Texas residents may be aware that a new tax law was signed into law at the end of 2017 and how it may affects aspects of financial planning but they may not be aware they it can play a big role in estate planning. The tax reform legislation substantially raised the estate tax exemption over previous limits, and this can impact gifting and estate planning until 2025, when the law is set to expire, and afterwards as well.

The exemption was raised to $11.18 million per person, or $23.26 million per married couple. As a result, federal estate taxes on amounts gifted to heirs during one's lifetime or amounts left to heirs upon death under those limits have been eliminated. This means that federal estate tax now exists for none but the wealthiest individuals.

The generation skipping tax also increased to the same amounts for single and married couples and this law is also set to expire in 2025. The method that is used to calculate inflation in these areas has also changed from the consumer price index to the chained CPi. The new measure generally yields a lower rate of inflation.

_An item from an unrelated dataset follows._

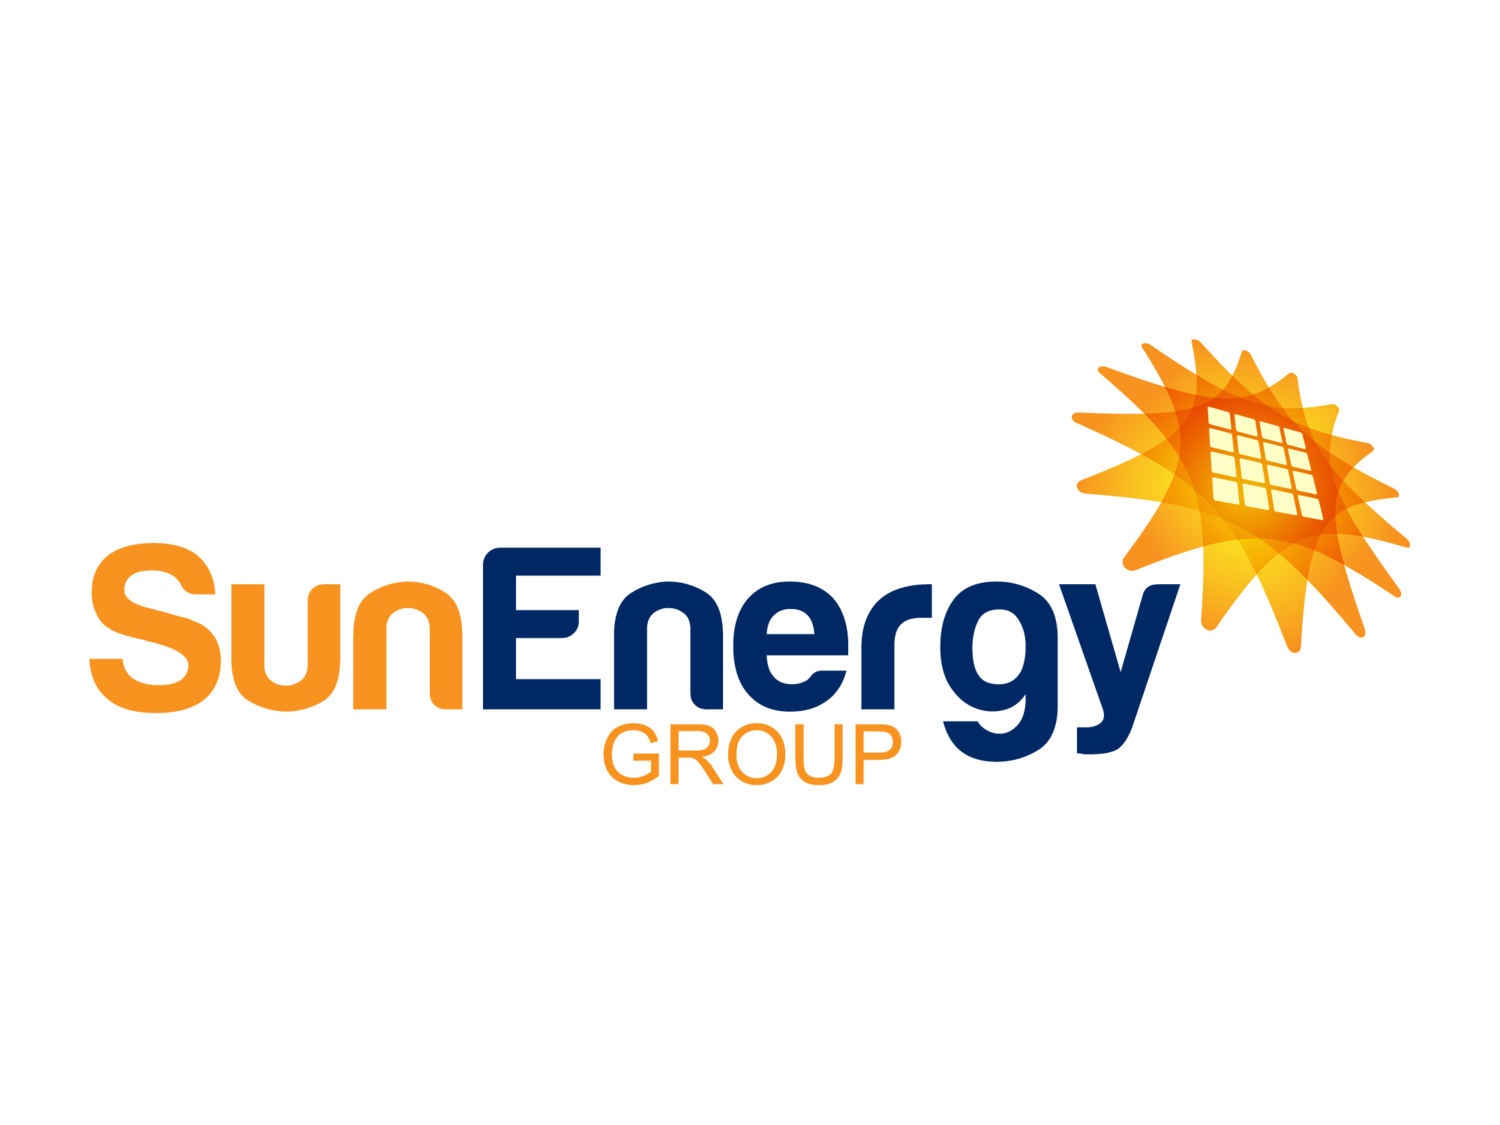 The Sun Energy Group

What does this mean for Texas residents? This means they can now give away more of their estate without paying estate taxes. Lifetime gifts of estates can be made without worrying about taxes and can also be planned while keeping in mind the shifting levels of appreciation. While the law also benefits beneficiaries, it doesn't exclude the need for estate planning altogether.

When the law changes, it helps for everyone to take a close look at their estate planning documents and assess how they can take advantage of the opportunities being offered. It might help to get an experienced attorney to go over the documents every tax season so they can create strategies to simplify complicated estate planning.